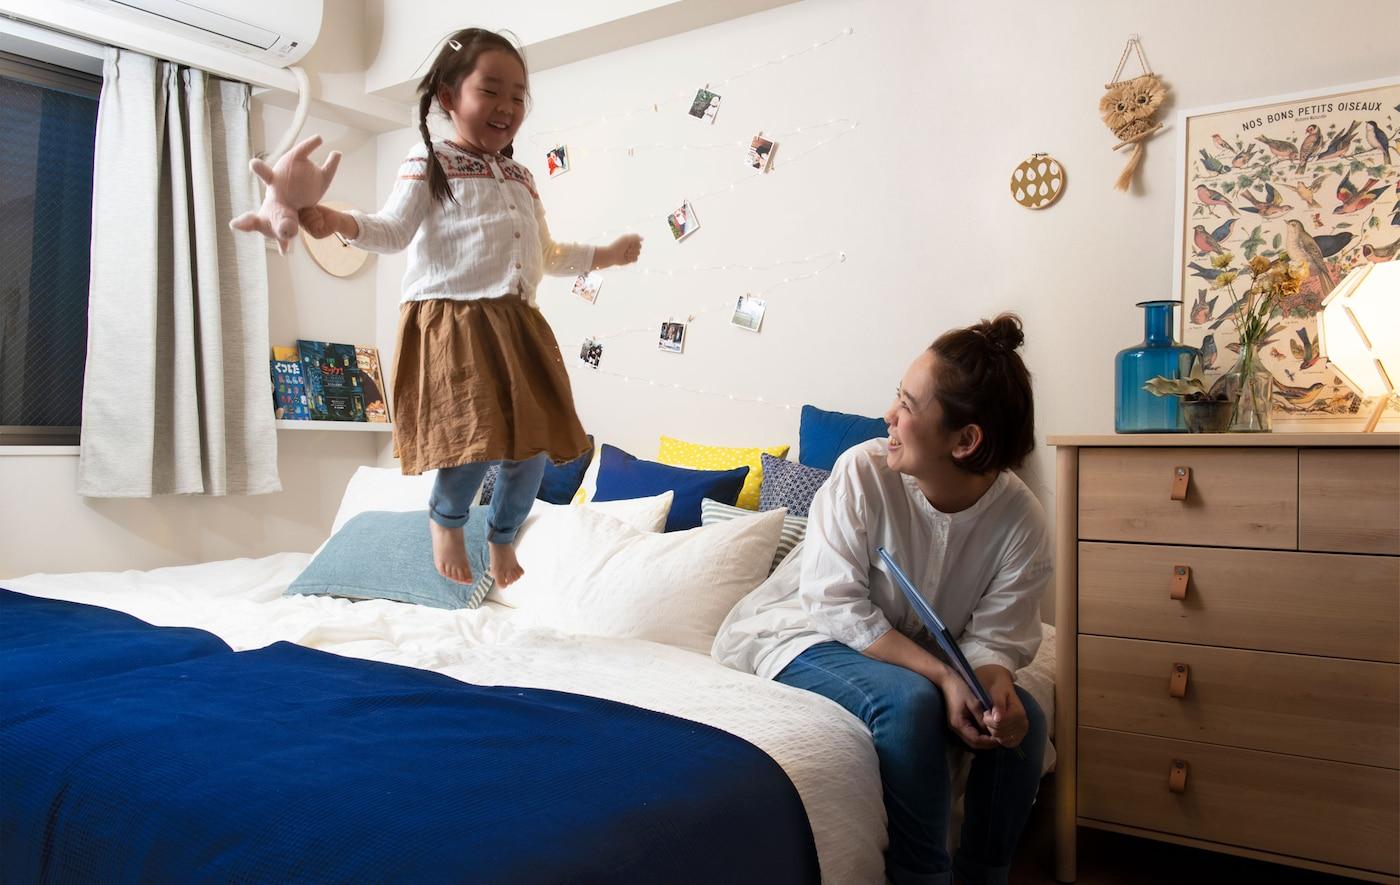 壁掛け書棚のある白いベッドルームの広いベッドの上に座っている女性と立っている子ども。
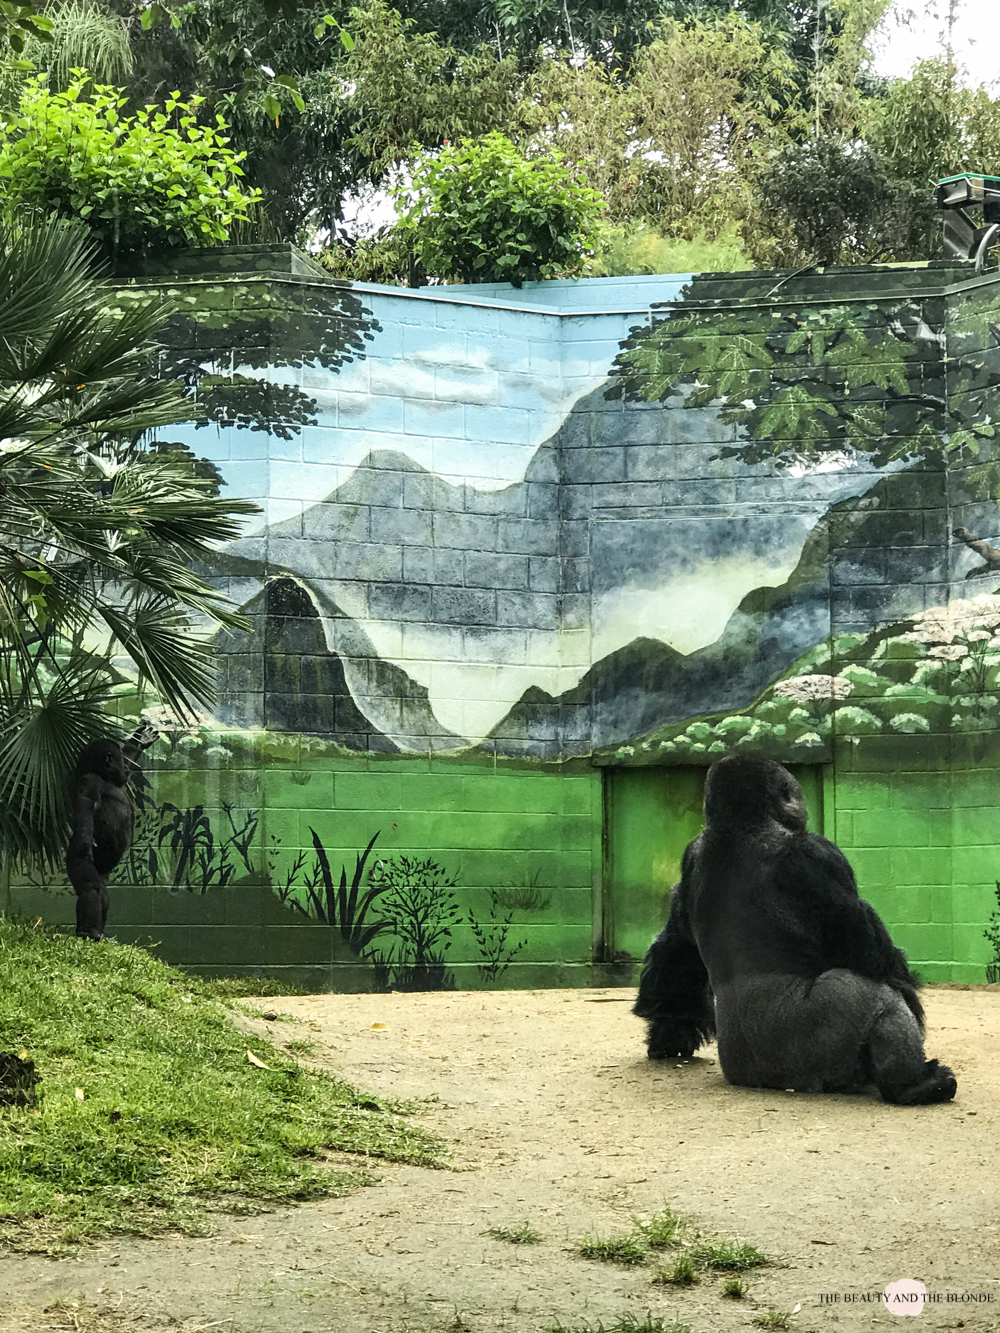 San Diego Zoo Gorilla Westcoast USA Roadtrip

---

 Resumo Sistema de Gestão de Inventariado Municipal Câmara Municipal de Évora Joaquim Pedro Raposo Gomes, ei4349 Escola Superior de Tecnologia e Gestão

_To do_
In the records above, find the line with "壁掛け書棚のある白いベッドル". Print exactly from there through the line with "San Diego Zoo Gorilla Westcoast USA Roadtrip", minus the pictures.

_Reply_
 壁掛け書棚のある白いベッドルームの広いベッドの上に座っている女性と立っている子ども。
 San Diego Zoo Gorilla Westcoast USA Roadtrip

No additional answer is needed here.